As far as I understood Gram–Schmidt orthogonalization starts with a set of linearly independent vectors and produces a set of mutually orthonormal vectors that spans the same space that starting vectors did.

I have no problem understanding the algorithm, but here is a thing I fail to get. Why do I need to do all these calculations? For example, instead of doing the calculations provided in that wiki page in example section, why can't I just grab two basis vectors $w_1 = (1, 0)'$ and $w_2 = (0, 1)'$? They are clearly orthonormal and span the same subspace as the original vectors $v_1 = (3, 1)'$, $v_2 = (2, 2)'$.

It is clear that I'm missing something important, but I can't see what exactly.

Answer 1

Orthonormal bases are nice because several formulas are much simpler when vectors are given wrt an ON basis.

Example: Let $\mathcal E = \{e_1, \dots, e_n\}$ be an ON basis. Then the Fourier expansion of any vector $v\in\operatorname{span}(\mathcal E)$ is just $$v = (v\cdot e_1)e_1 + (v\cdot e_2)e_2 + \cdots + (v\cdot e_n)e_n$$

Notice that there are no normalization factors and we don't need to construct a dual basis -- it's just a really simple formula.

In your example, of course $\{(1,0),(0,1)\}$ spans the same space as $\{(3,2),(2,2)\}$. But let me provide an example of my own: what about $\{(1.1,1.2,0.9,2.1,4),(3,-2,6,14,2),(6,6,6,3.4,11.1)\}$? There's certainly no subset of the standard basis vectors that spans the same space as these linearly independent vectors. But this is a pretty poor choice of basis because they're not orthonormal. It'd sure be nice if we had some algorithm that could produce as ON basis from them...

Answer 2

If the entire vector space we wanted a basis for all of $\mathbb{R}^n$ or a basis for, say, the $xy$-plane in $\mathbb{R}^3$, then we could certainly do this. The problem arises when we're looking for an orthonormal basis for subspaces that are more complicated.

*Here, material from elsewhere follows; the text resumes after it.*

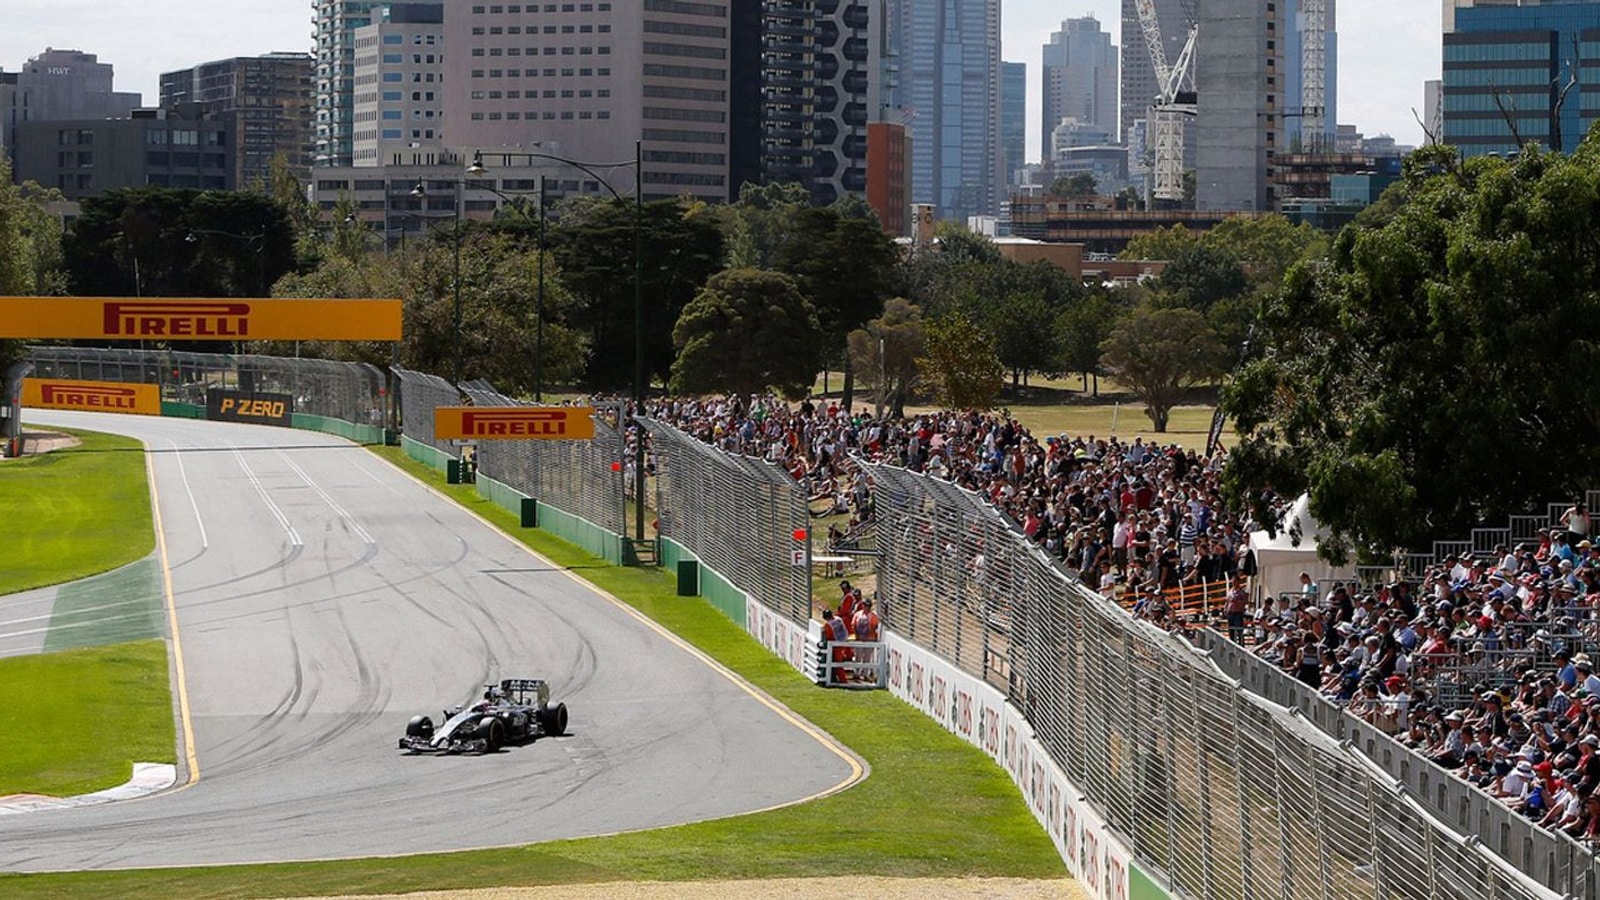 Melbourne Grand Prix Circuit, home of the Formula 1 Australian Grand Prix

For example, let take our subspace to be the plane $x+y+z=0$ inside of $\mathbb{R}^3$. This subspace can be written as

$$\mathrm{span} \left\{ \begin{bmatrix} 1 \\ -1 \\ 0 \end{bmatrix} , \begin{bmatrix} 1 \\ 0 \\ -1 \end{bmatrix} \right\}$$

Running Gram-Schmidt on this gives the basis

$$\left\{ \begin{bmatrix} \frac{1}{\sqrt{2}} \\ -\frac{1}{\sqrt{2}} \\ 0 \end{bmatrix} ~,~ \begin{bmatrix} \frac{1}{\sqrt{6}} \\\frac{1}{\sqrt{6}}\\ -\sqrt{\frac{2}{3}} \end{bmatrix} \right\}$$ which generates the same subspace of $\mathbb{R}^3$. However, if we just tried to take the basis $\left\{ \vec{e}_1 = [1~ 0~ 0]^T, ~ \vec{e}_2 = [ 0 ~ 1 ~ 0]^T \right\}$, we would certainly have an ortho-normal basis, but of a different subspace.

TL;DR: Gram-Schmidt is designed to turn a basis into an ortho-normal basis without altering the subspace that it spans.

Edit Gram-Schmidt is also important in that it preserves the orientation of given basis (roughly speaking, the order in which the basis elements are introduced). Somewhat higher level and beyond the scope of an introductory course to linear algebra, but worth tucking away for later.

Answer 3

Your choice of $w_1 = (1,0)$ and $w_2 = (0,1)$ fails one of the basic purposes of the Gram-Schmidt process: the result of the algorithm would not only have $\mathrm{Span}(v_1,v_2) = \mathrm{Span}(w_1,w_2)$ but also $\mathrm{Span}(v_1) = \mathrm{Span}(w_1).$

There are a few things I should mention:

(1) There are finite-dimensional vector spaces for which it is not easy to guess an orthonormal basis (or indeed any basis). Modular forms with their Petersson scalar product are an intimidating example of this.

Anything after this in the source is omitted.